Как истый американец – от французского происхождения в нем остались только быстрая сообразительность да некоторая щеголеватость в наружности и обращении, – Ле-Ноэль говаривал: «Получить то, что желаешь, успеть в том, что предпринимаешь, – другой цели жизнь не имеет, а мне нет дела до средств, какими надо достигнуть цели. Путешественник, достигнув цели своего путешествия, всегда забывает, каков был его путь». По его мнению, право было только мерою силы, и каждый имел право на то, что было в его силах взять… Тем, кто выражал удивление, он отвечал просто: «Я только прилагаю к практике теории завоевателей. Когда две армии сходятся на поле битвы, чтобы отнять чужую область в пользу своего в ласте лица, кровь побежденных питает поле битвы; тот, кто вступает в борьбу с обществом, тоже платится жизнью при поражении. Только в первом случае убитого прославляют героем, потому что он помогал своему хозяину захватить кусок земли у своего соседа, а во втором – павший считается злодеем, потому что действовал ради личных выгод. Но одни глупцы позволяют обманывать себя; и герой, и злодей – оба стремятся завладеть тем, что возбуждает их алчность». Итак, Ле-Ноэль обладал всеми необходимыми качествами, чтобы сделаться превосходным торговцем человеческим мясом.

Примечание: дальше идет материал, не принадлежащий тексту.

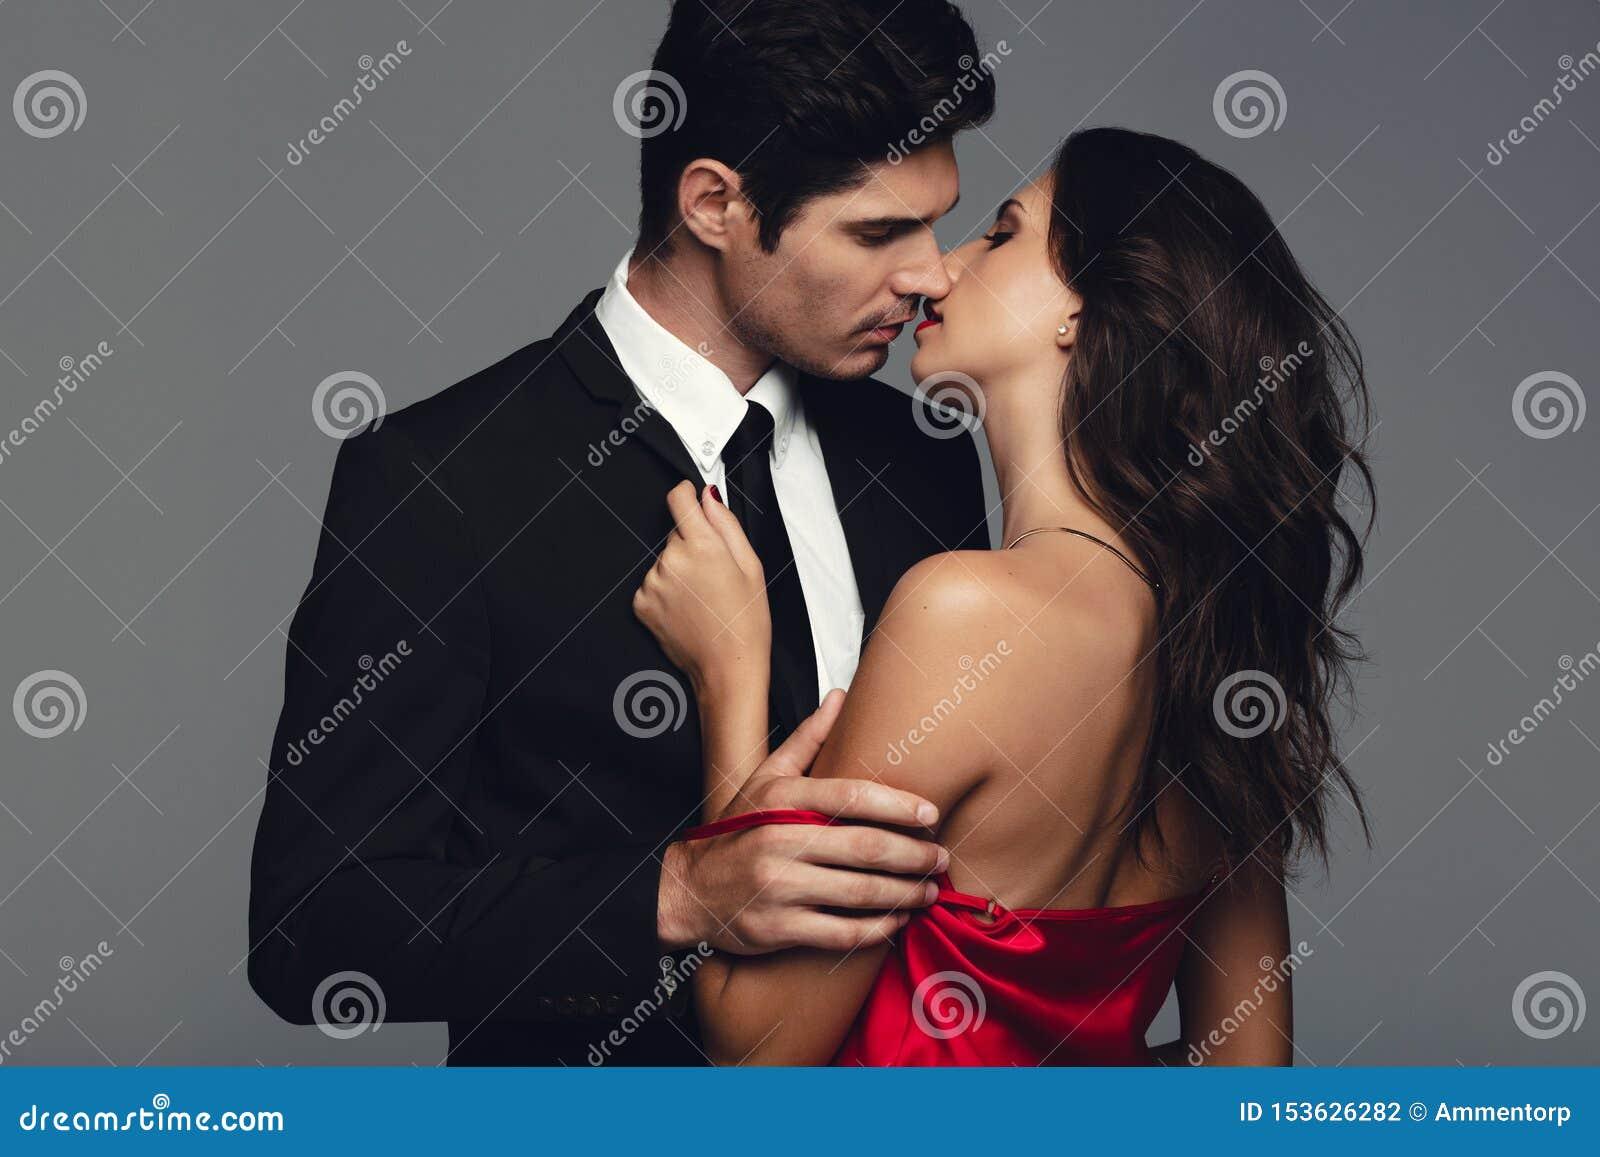 Men seduce do why women 16 Clothing

В добрые минуты он иногда вступал в прения с Верже, своим шкипером[20]20
  Шкипер – заведующий имуществом палубной части судна.


[Закрыть]
, престранным человеком. Шкипер изучал науки и философию, был поклонником Канта и занимался торговлей неграми только потому, что этот промысел доставлял ему от двадцати пяти до тридцати тысяч франков в год; с другой стороны, он, не колеблясь, сознавался, что тот день, когда их всех перевешают, будет днем правосудия.

– А вы не правы, Верже, – говаривал Ле-Ноэль в минуты добродушной откровенности, – и совсем напрасно осуждаете нас так строго: ведь мы только осуществляем на практике немецкую философию.

– Как же это? – спросил однажды Верже, недоумевая.

– Прочтите-ка это! – отвечал капитан, указывая на книгу, открытую на его столе.

«В человеческом мире, как и в царстве животном, господствует только сила, а не право; право – это только мерило силы каждого…»

«Какое мне дело до права! Я не имею в нем нужды, если могу добыть силою то, что мне надо, и наслаждаться этим; чего же я не могу захватить силою, от того я отказываюсь и не стану, в утешение себе, тщеславиться моим мнимым правом, правом, за давностью не теряемым…»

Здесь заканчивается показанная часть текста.